At the same time, the Government are spending less on research and development. Since 1980, when £2.3 million was spent on fish-farming research and development, there has been a real-terms cut of 29 per cent. The Government spent only £3 million in 1990-91. That is simply not acceptable at a time when people are increasingly worried about the possibility of fish-farm pollution around our coasts and in our inland waters. The Crown Estate Commissioners, who take their whack in rent, should contribute much more to research and development ; too much profit goes straight to the Treasury.

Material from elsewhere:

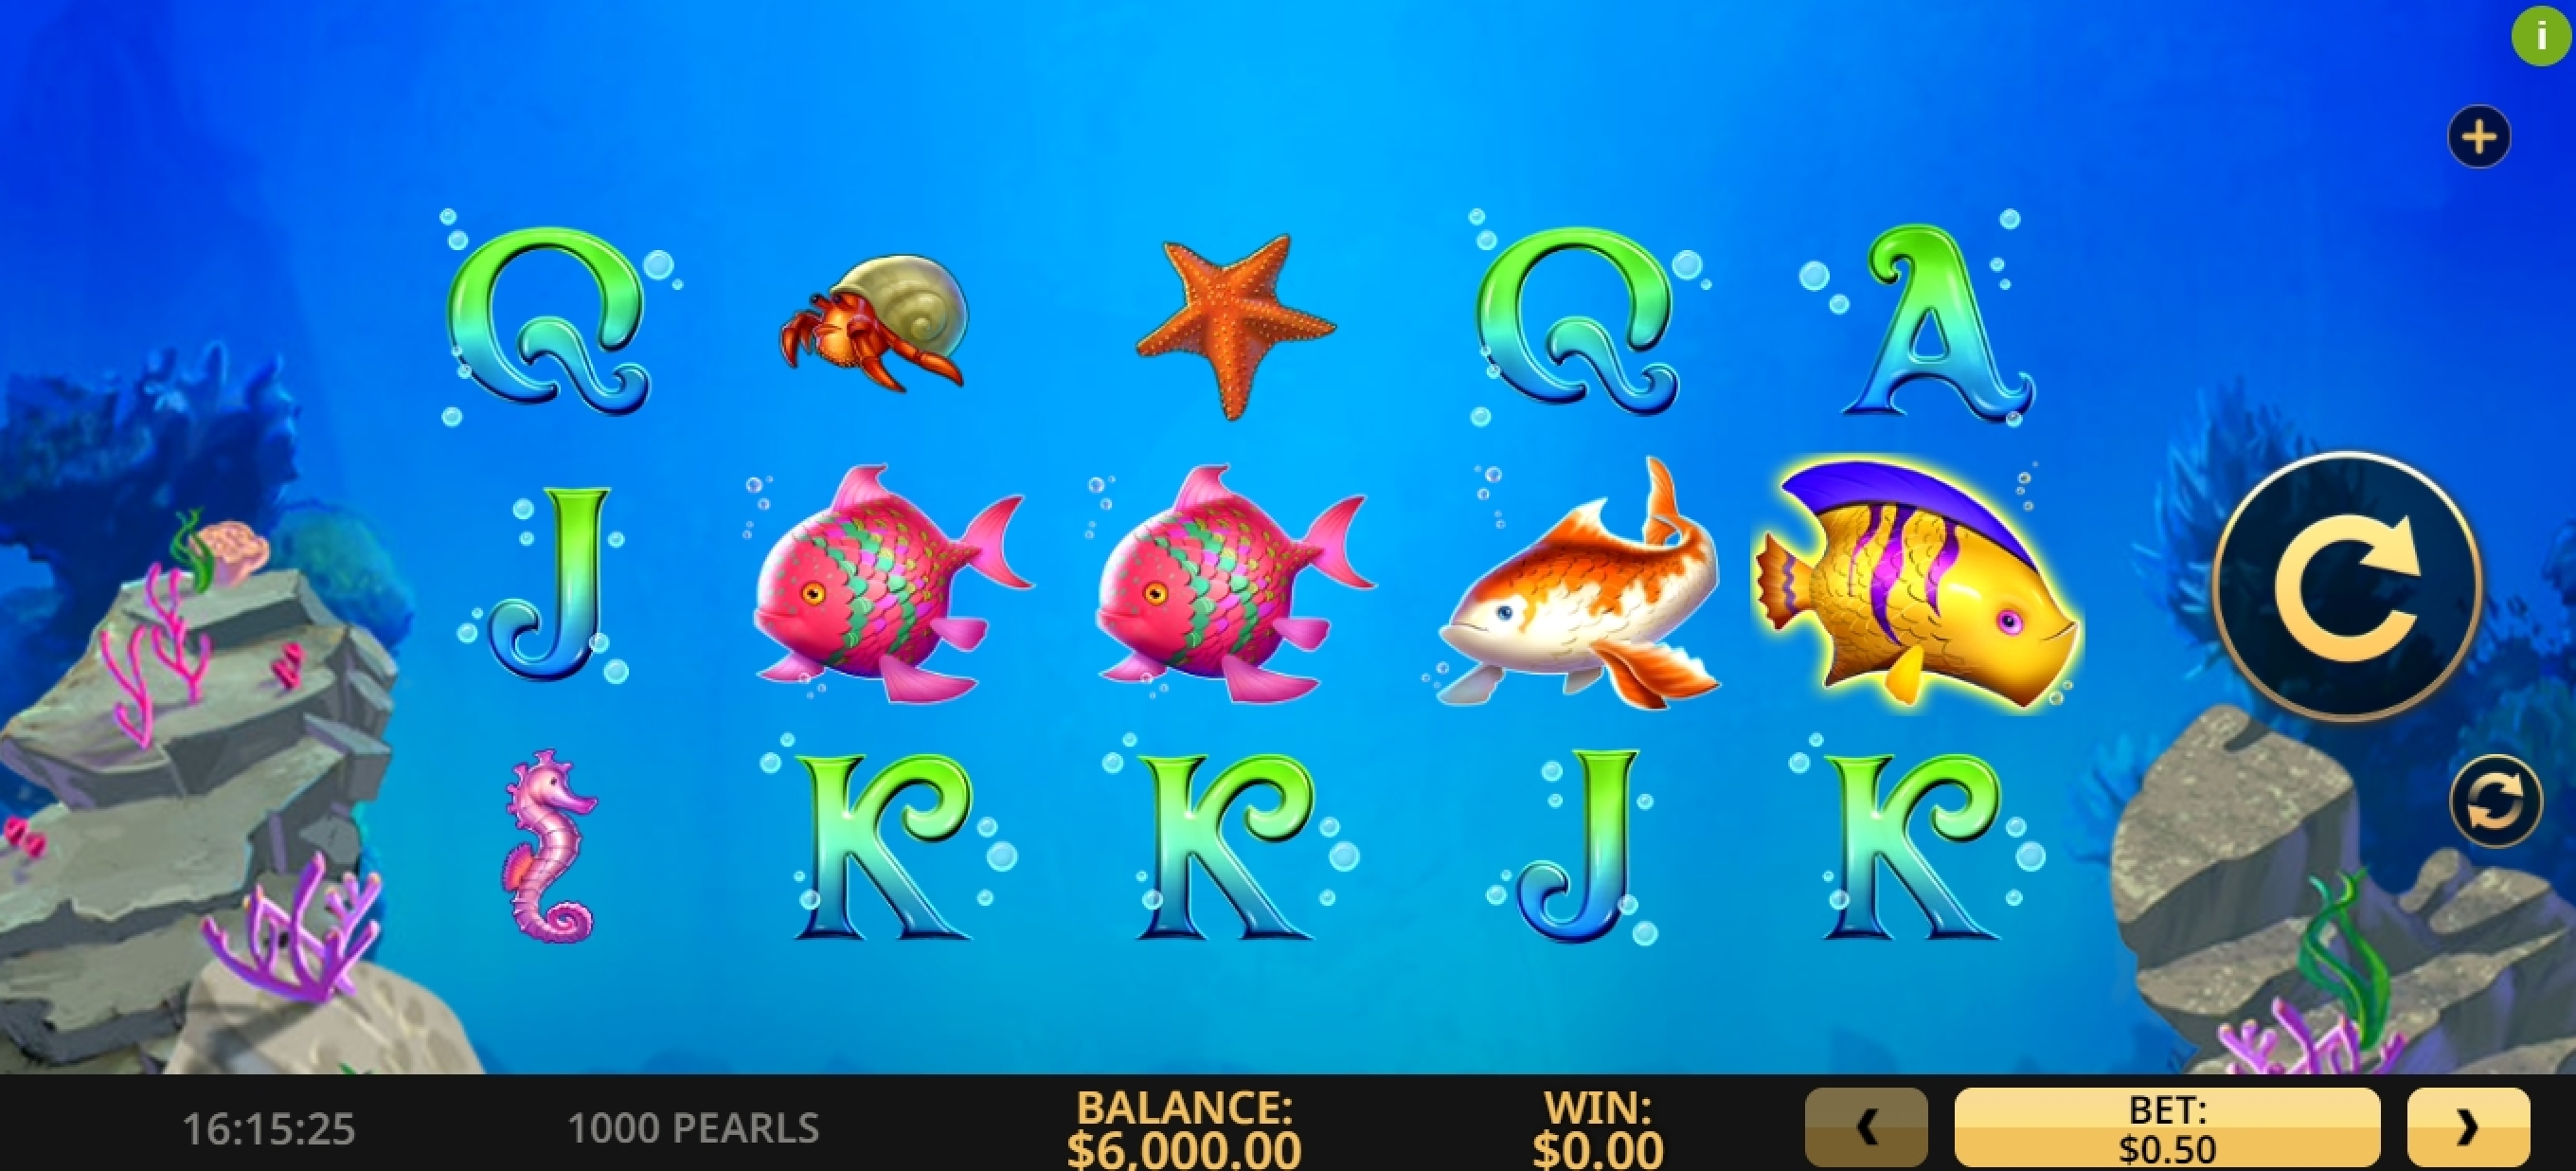 Reels in 1000 Pearls Slot Game by High 5 Games

There is also the threat posed to the industry by the Food Hygiene (Scotland) Regulations. I could not let this evening pass without repeating my plea to the Minister--a plea that I have often extended to the Parliamentary Under-Secretary of State for Scotland, Lord Strathclyde--to make allowance for the smoked salmon and fish-curing industry in Scotland. Without special exemptions applying to delivery of such products, many smokeries will go out of business, and that will have a huge effect on areas like Argyll and Bute.

To cap it all, there is the added shock of the suggestion in last week's talks that the European Free Trade Association be given access to the EC tariff-free trade area.